Dance as a Learning Platform

Hubbard Street Dance Chicago

Funding Received: 2012
Chicago, IL
Funding Period: 1 year and 5 months
January 24, 2013

Using dance as a learning platform for business, Hubbard Street Dance Chicago is collaborating with more than 60 tech startups inhabiting 1871, a newly created co-working space in Chicago’s Merchandise Mart.

ArtPlace spoke with Jason Palmquist, Hubbard Street's Executive Director, about the project.

ARTPLACE: What is the biggest risk you've taken in your efforts? How did you get burned, or how did you prevail?

PALMQUIST: I think the decision to enter the “creative placemaking” space represented the most significant risk for us as an institution.

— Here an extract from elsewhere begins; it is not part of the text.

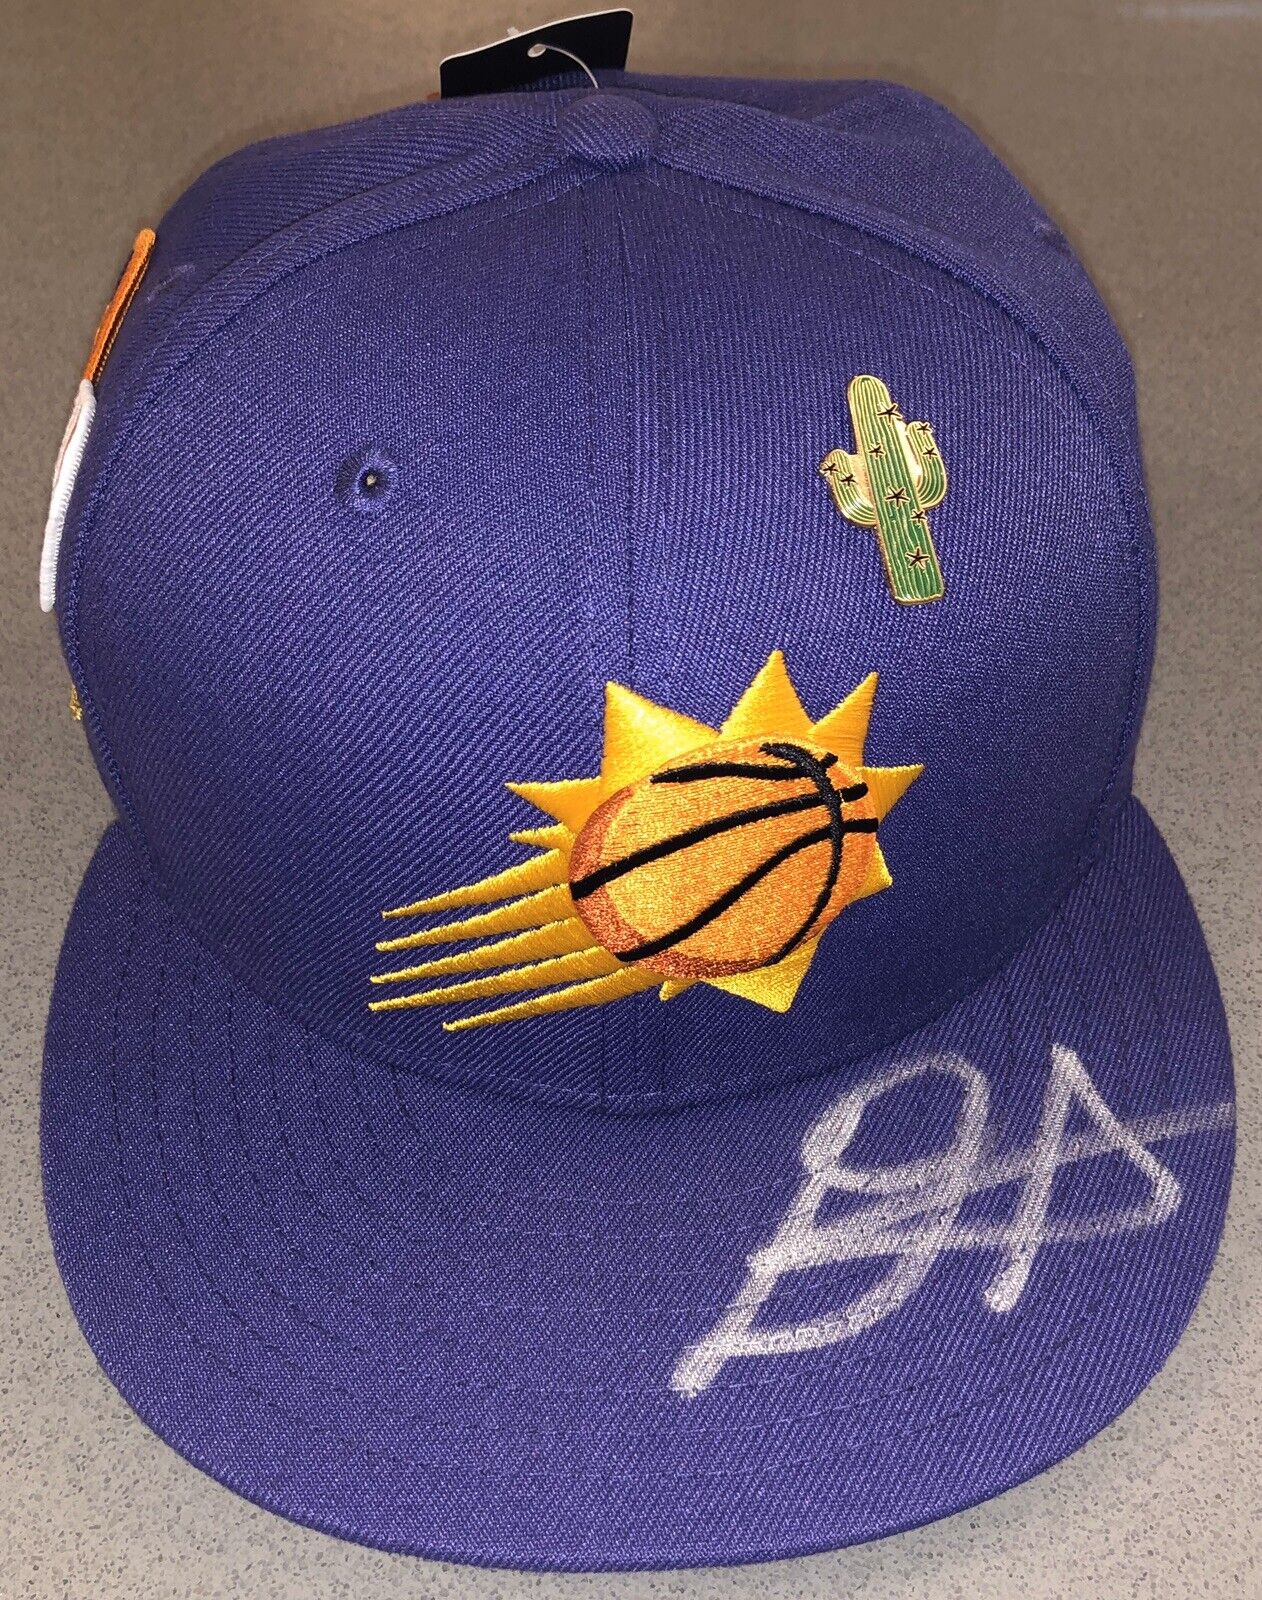 Deandre Ayton Autograph Phoenix Suns New Era Authentic Draft Hat Signed Steiner

At the most basic level, Hubbard Street is a producing organization with a company of artists who create beautiful work on stage. But, we are also a training organization with over 70 dance classes a week for aspiring professionals and hobbyists alike. And, we are organization in public school classrooms every day, bringing movement and the choreographic process together with core curriculum. Now, we are an organization that is attempting to increase the vibrancy and vitality of a place.

It adds another layer of complexity to what is already a very complex organization. In the next two months alone, Hubbard Street (the main company or HS2) will have performances in over 25 cities on three continents, which will include the world premiere of a new work from Alonzo King in a unique two-company collaboration with LINES Ballet. And, we will audition hundreds of aspiring pre-professionals in 10 additional cities for our summer intensive program. And, next Monday, we will sit down with a number of entrepreneurs in an intimate classroom setting to talk about innovation – and how dance can inform their attempts to build their business.

Ultimately, it’s all of these things in combination that serve a selfish institutional purpose – they ensure that Hubbard Street, as a 35-year old contemporary dance company, remains relevant – on the world’s stage and in our own city. The commitment of a portion of our limited resources, financial as well as in capacity, represents a risk, but one we believe will have a big payoff.

We’re now almost halfway through our ArtPlace residency – we had two site-specific performances at 1871, we’ve invited 1871 members to two performances at the Harris Theater, we’ve created four films about dance as a learning platform, and we’re about to have the second of our classroom experiences. We expect the lessons learned from the first half of the project to deeply inform the second half, and look forward to seeing what we’ll discover.